Starting at the first line of the material below, retype each line exactly until you reach the line with "dinheiro, dólares e", which is also included; pictures stay out.

*** RECORD SET ***

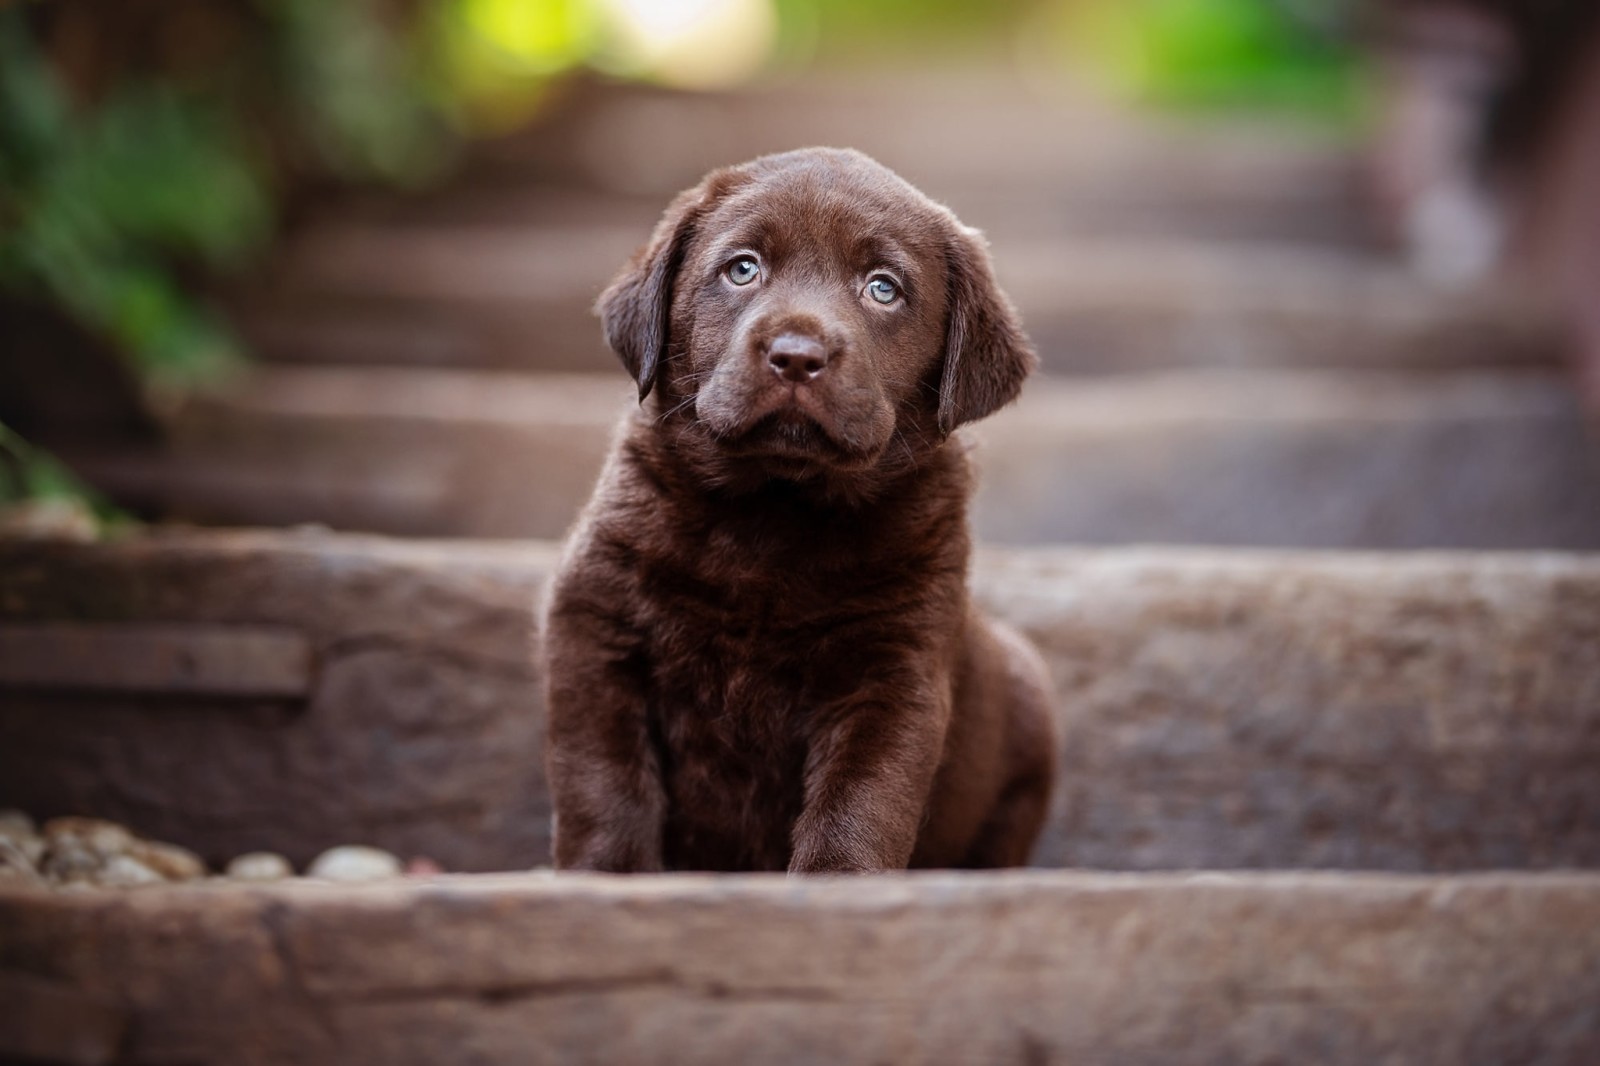 anjing, bayi, anak anjing, duduk, cokelat, cokelat, tangga, Retriever
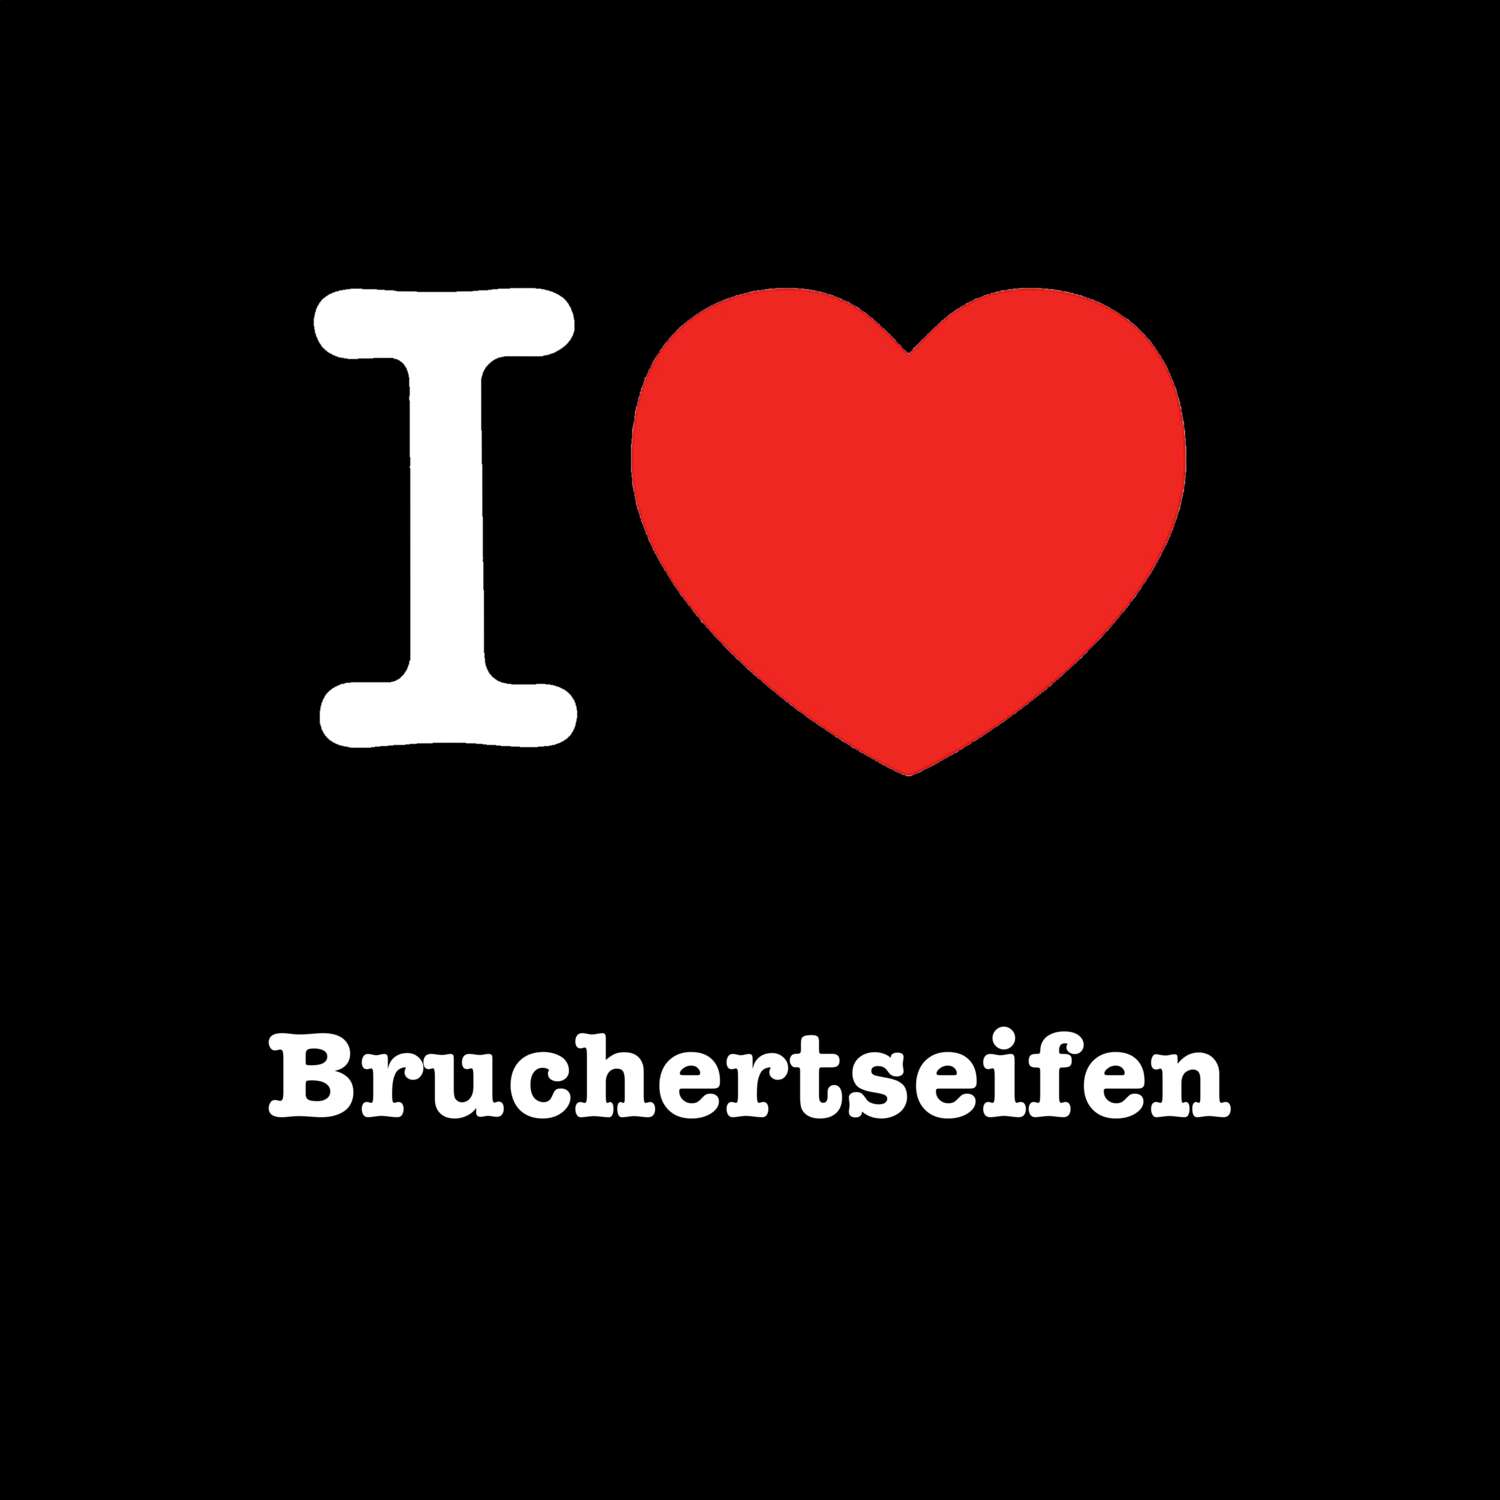 Bruchertseifen T-Shirt »I love«
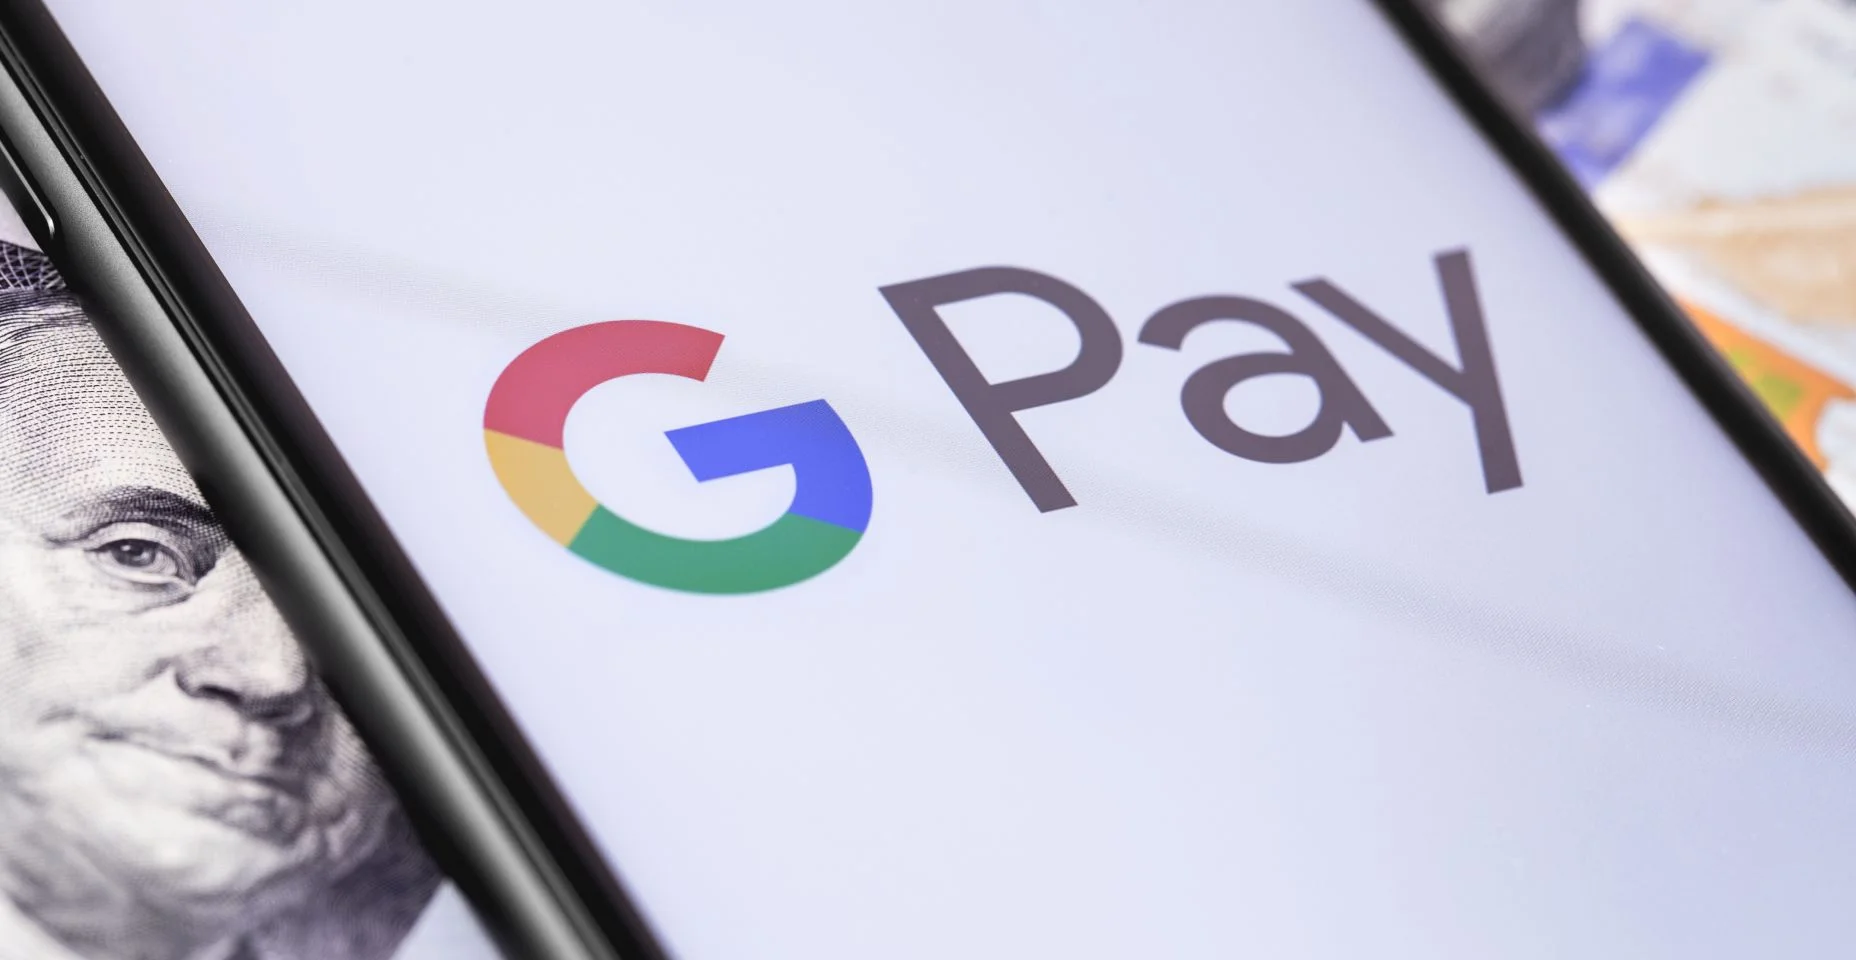 dinheiro, dólares e smartphone com o logotipo do Google Pay na tela. O Google Pay é um serviço de pagamento móvel e carteira digital do Google.
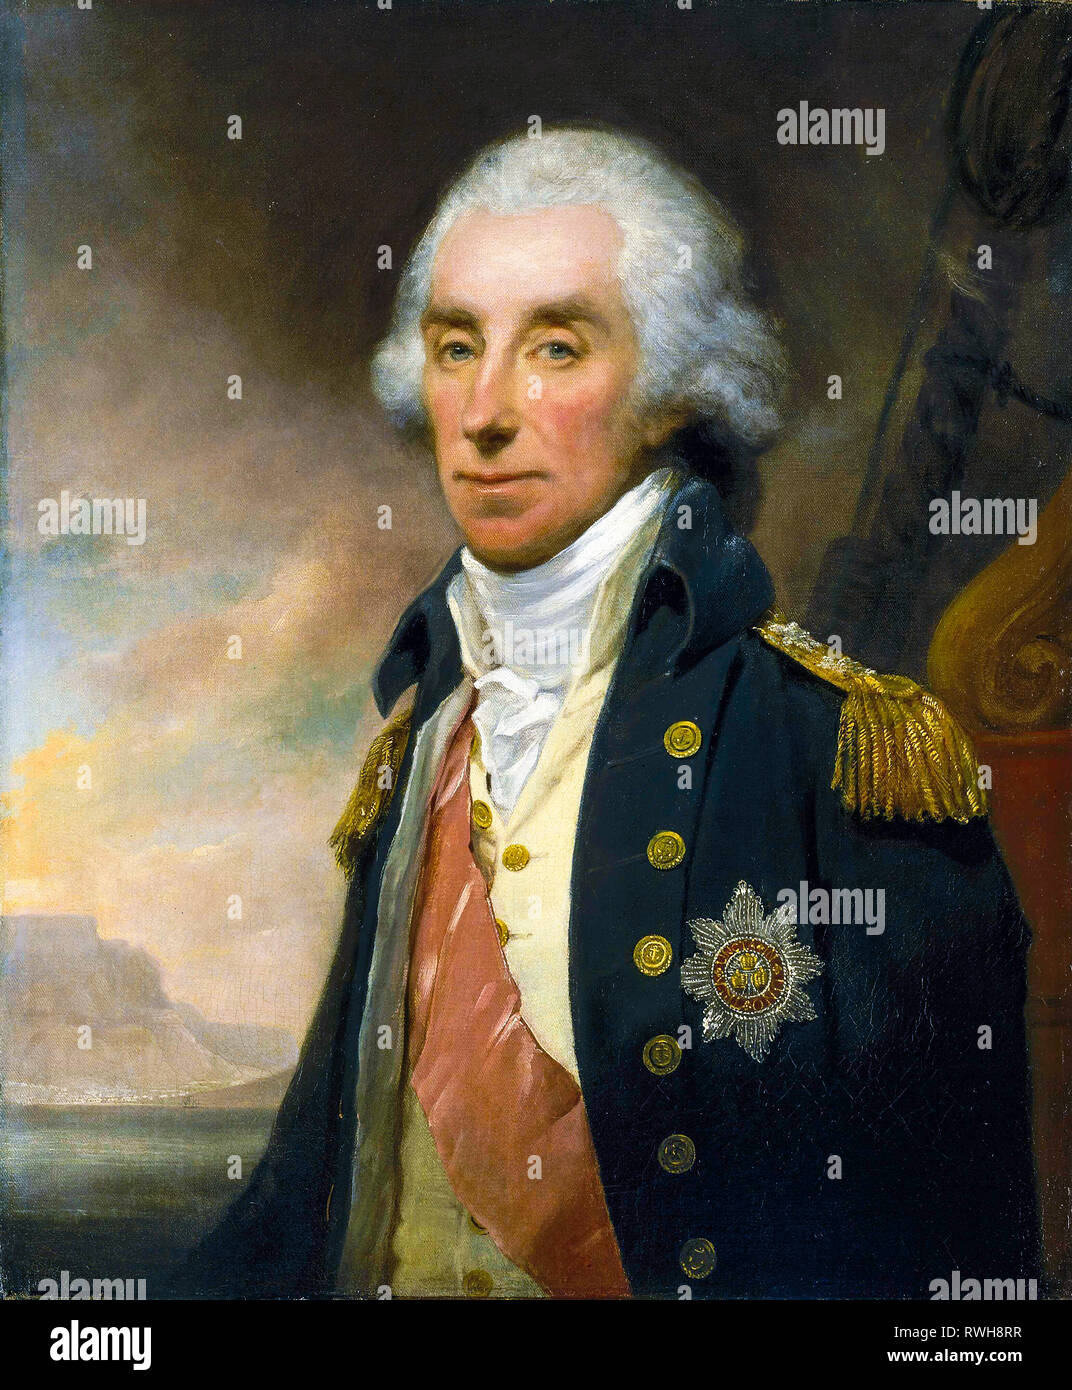 L'Ammiraglio Lord George Keith Elphinstone, primo Visconte Keith (1746-1823), ritratto dipinto, c. 1799 da William Owen Foto Stock
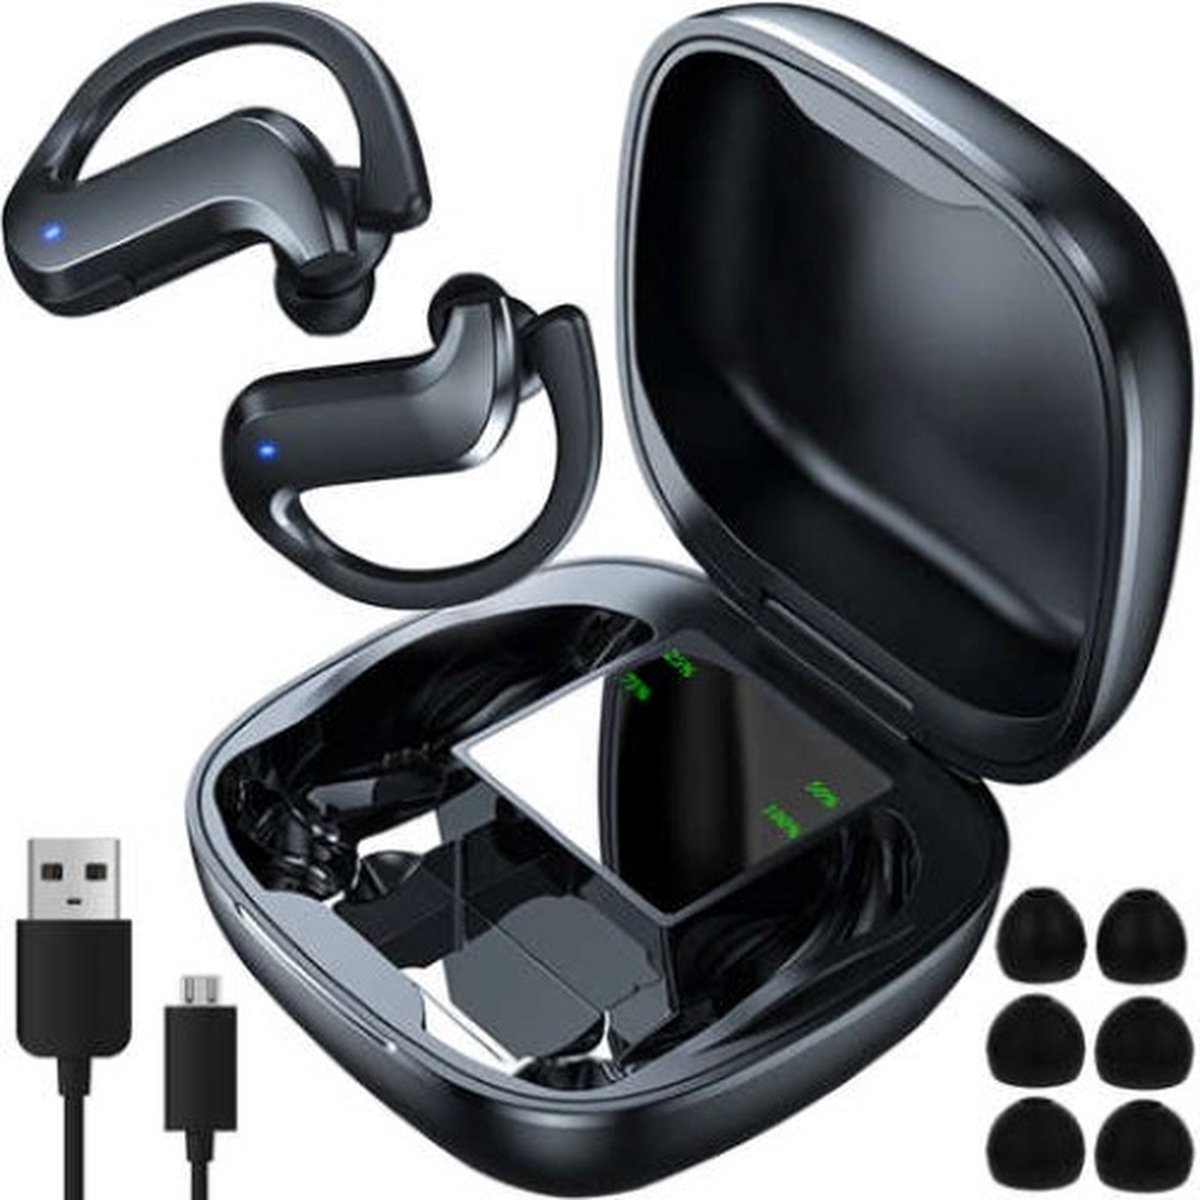 Volledig Draadloze Oordopjes - Draadloze Oordopjes - Bluetooth Oordopjes - Wireless Earbuds - Draadloze Oortjes wirless headphone with powerbank

*** End of RECORD SET ***

→ **RESPONSE FOR THIS EXERCISE**
 anjing, bayi, anak anjing, duduk, cokelat, cokelat, tangga, Retriever
 Bruchertseifen T-Shirt »I love«
 dinheiro, dólares e smartphone com o logotipo do Google Pay na tela. O Google Pay é um serviço de pagamento móvel e carteira digital do Google.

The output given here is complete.